Saturday, December 18, 2010

Yellow Journalism or Crappy Journalism

Indian Media and Indian people! What should I say about both? Particularly, when I am an Indian myself and proud of being one.

Our media clearly is an armchair media. Do people like it that way? I have always argued, poor authorship is as much to blame as poor readership or viewer-ship. Media will show quality, if the viewers would demand it. If trash is generating cash, and trash being created and televised, then there is somewhere an audience that is lapping up that trash.

Well the fourth estate world-wide takes some liberties. In the late 1800s in the US, to drum up support for the war and for many sundry political issues, and of course for ramping up circulation to keep in step with the increased productivity due to mechanization of the industry as a consequence of the industrial revolution, Yellow Journalism evolved and soon became rampant.

License to Concoct
I must be pursuing 10+2. One day my mother was on her routine morning walk. Some miscreants on a Vijay Super scooter snatched her chain. Indomitable as she is, she tried to chase them. The thug riding pillion fired a shot at her from his country made hand gun. Next day Dainik Jagran carried a completely novel version with even a wrong name. If you are creative journalist, then lack of facts should not deter you in your reporting magnificence.

License to Exaggerate
I had just about become CEO and was still learning to handle the media. Often, my most innocuous discussions with some media people on the sidelines of a pharma-conference, made news the next day about which was so far removed from reality that I had a tough time answering a stream of calls from my friends in the industry who called in to verify.

License to Neglect
Of 1999, I remember, when Pakistani army rangers had crept into Kargil / Drass / Tiger hill, Indian media and lot of my friends were busy tracking a cricket match. To the media the losing Indian cricket team was more important than the soldiers dying to win the ground back from the enemy.

License to Negate
Surprisingly, the whole world has been concerned about the nuclear status of Pakistan saving those who assisted them in getting one or those still clandestinely assisting them to remain one. But the Indian media has never treated an unstable Pakistan sitting on a pile of nuclear warheads a cause for concern or alarm. We tacitly believe, Pakistan will promote terrorism but exercise restraint and responsibility as far as nuclear weapons is concerned. Nuclear weapons perhaps will not be the even the last resort. We are happy having a hot line between India and Pakistan. How counterintuitive?
Propensity to Deny
Similarly, there is no channel which reports the situation simmering in the North East. The nation may well be caught unawares in a Naxalite like cauldron. Naxalism brewing for decades was never highlighted by media. For the media like so many of us, NE is mentally perhaps not a part of India.

License to Omit
When China was creeping into parts of Arunanchal, the media was busy covering frivolous controversies about the newly nose jobbed Shilpa Shetty’s ouster from Big Brother. A turn off from such programming can be the best reprimand to a media with completely skewed priorities. But we don’t do that. We lap up all the frivolous content they create. We prefer to hear the abusive language that a demented Salman uses for a compromised Aishwarya, his ex-girlfriend on a phone tap.

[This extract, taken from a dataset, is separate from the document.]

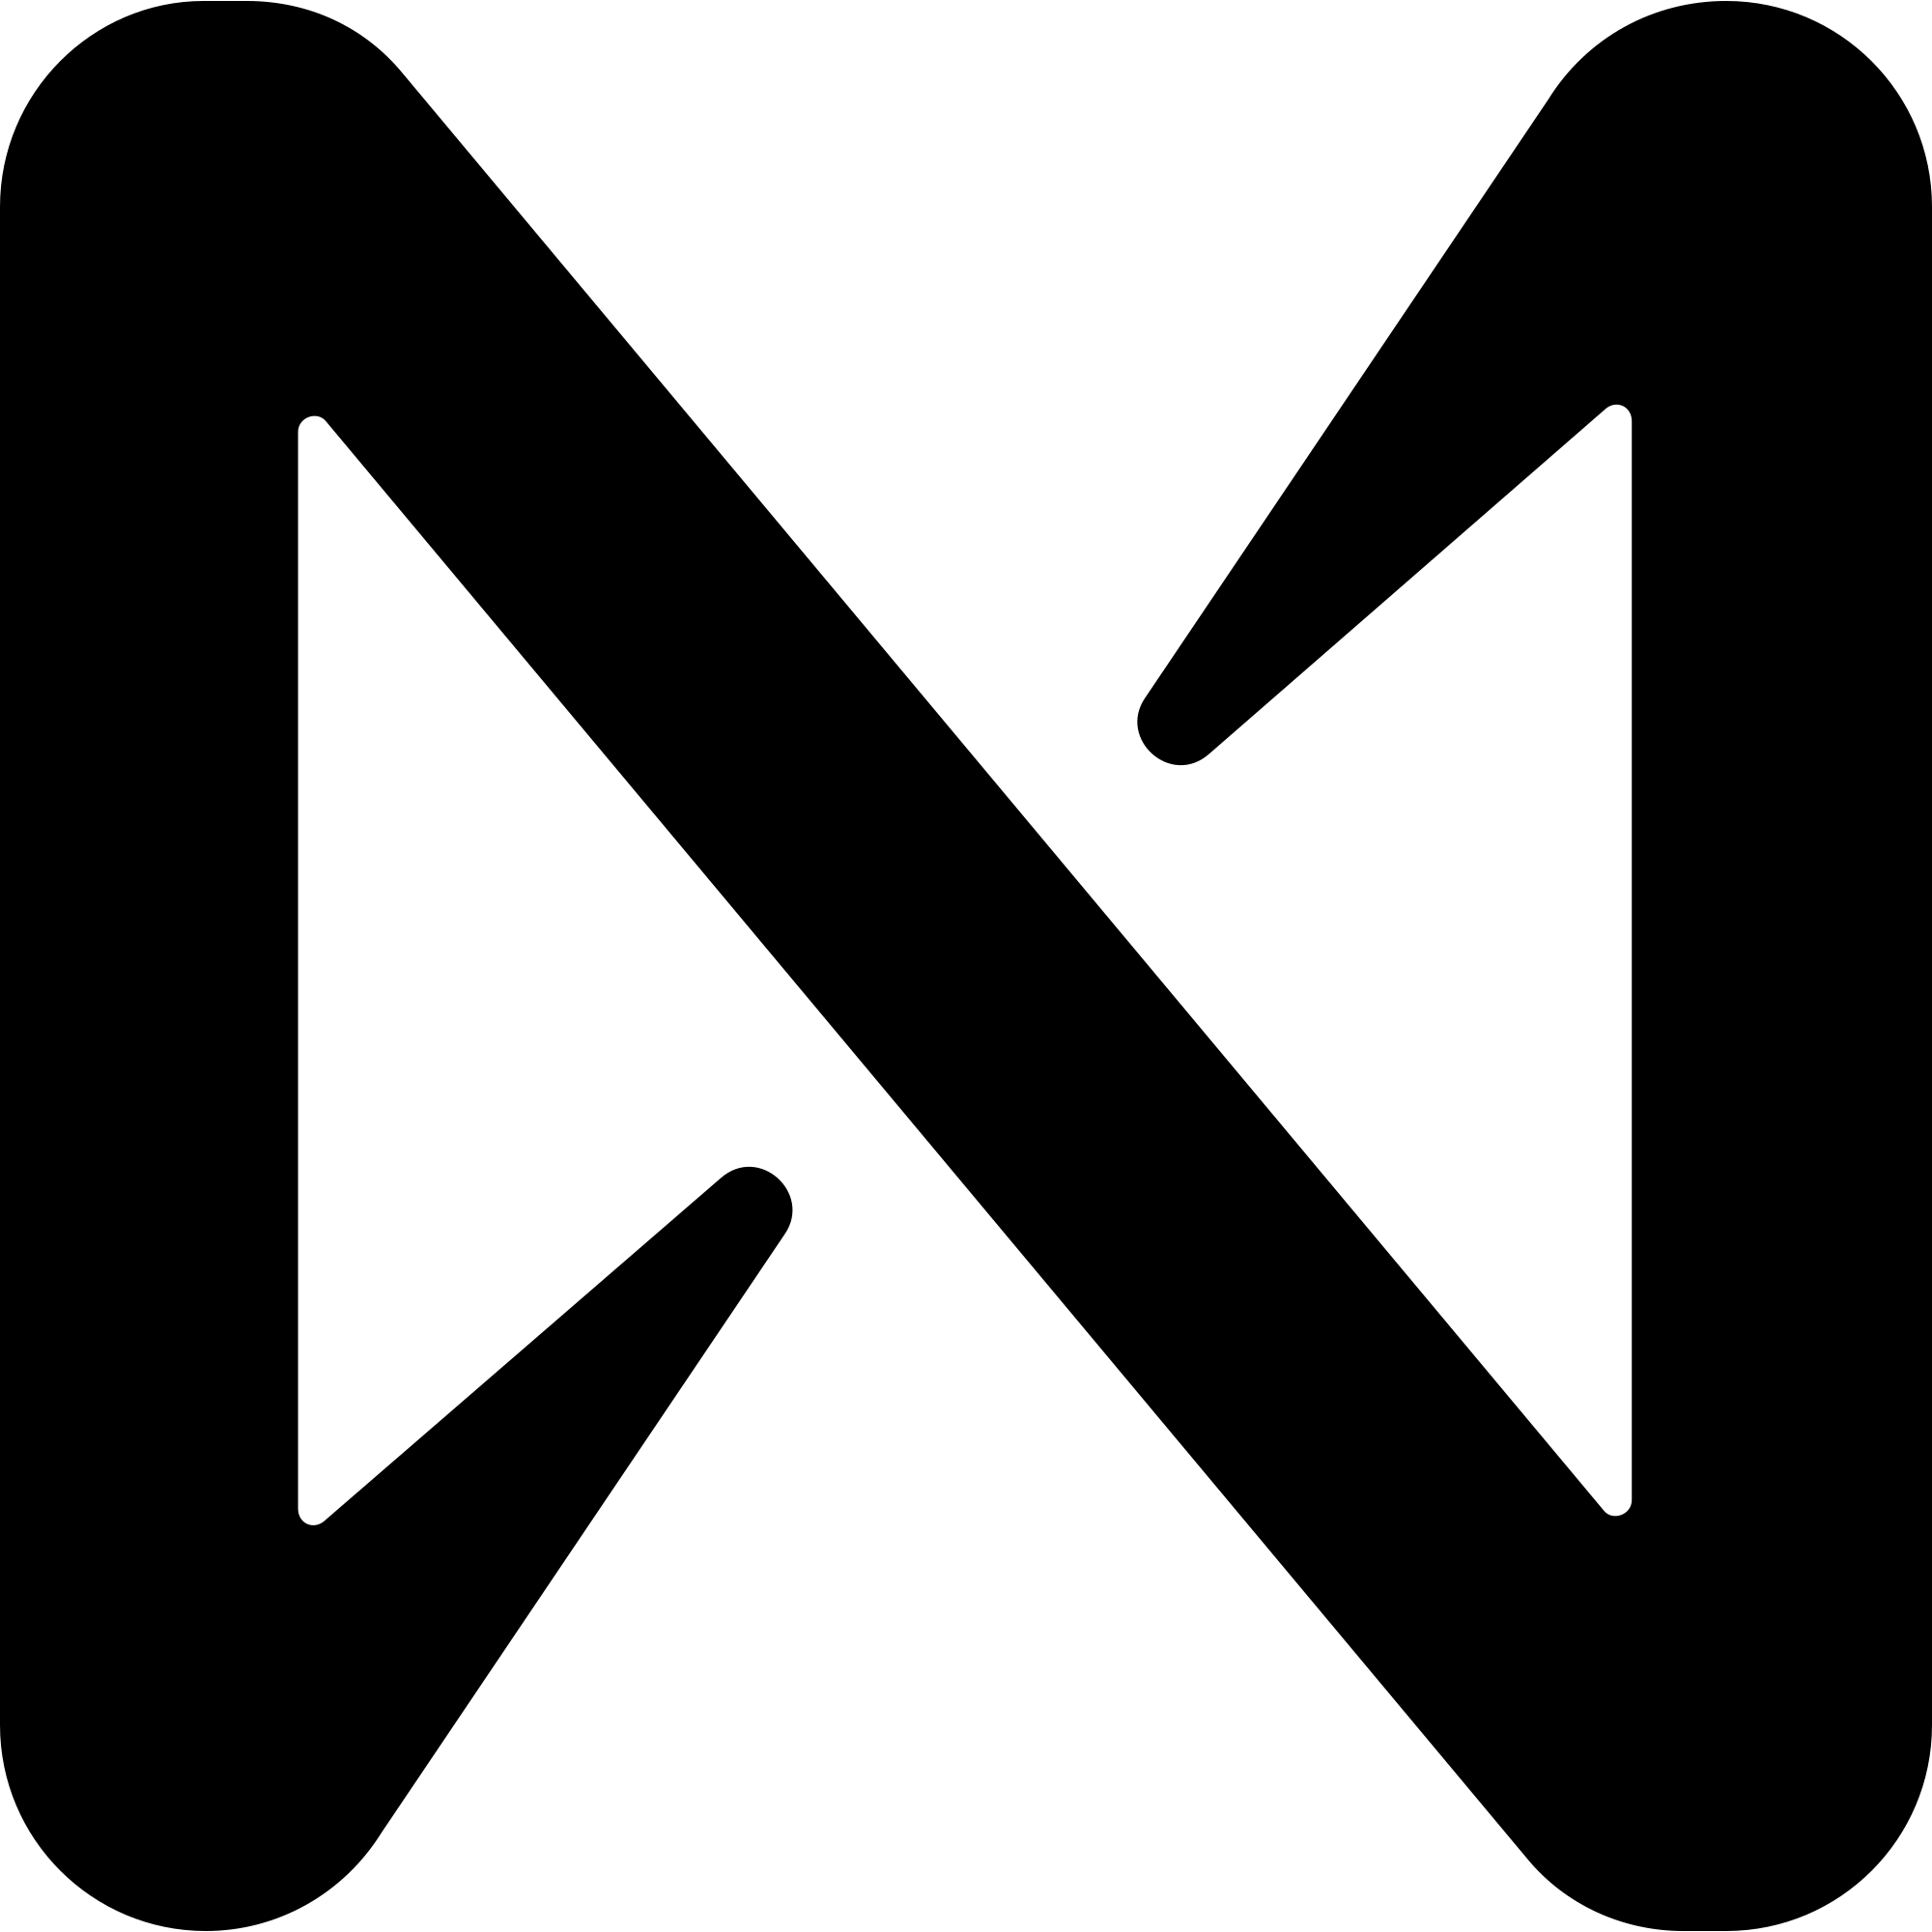 NEAR Protocol (NEAR) Logo Transparent - PNG File Free Download

License to re-define Mores
Pelvic thrusts are no longer considered vulgar. Item numbers can be shown in news hours. Sexual innuendos don’t suffer the scissors of the editors. Family talk shows like Coffee with Karan could have embarrassing anecdotes and awkward questions. The latest obsessions of all channels today is a gyrating Sheena (the item number of Ms Kaif ), or Liz Hurley - Shane affair.

License to Judge a-priori
The media is very quick to pass judgements even before having facts in place. The assumptions used are simple. All politicians are corrupt. Their kids are always delinquent. Men in uniform are higher on integrity than civilians. Doctors are in sensitive. South Indians a black. Punjabis are aggressive but good at heart. Hindus are communal. Muslims are terrorists. Bigger vehicles will mow smaller ones. American are high handed.

License to Sensationalize / Jeopardize
The media greatly comprised the Indian commandoes’ strategy by showing minute details on television which greatly helped the Pak based handlers of terrorists holed up in Taj on 26/11. Very recently, the media also sensationalized the story of a Sikh diplomat being subjected to pat down search at an US Airport. Barkha Datta was made famous by her Kargil coverage. But we here she had compromised the safety of an infantry unit by her reporting.

Power of Media : I don’t believe media has power per se. It is the power of the mass opinion they can mobilize or sometimes the mass hysteria that they can whip up. The power of media is power of that anonymous man who is actually on his own is quite powerless. But the opinion of this common, faceless man living in anonymity somewhere has immense power.
But often media personalities, who are merely carriers of this opinion feel they themselves wield the power. Barkha Dutts beware. Ramchandra Shukla and Shyamsunder Dass were pioneers of Hindi journalism. They died paupers. How come modern journalists have so much money?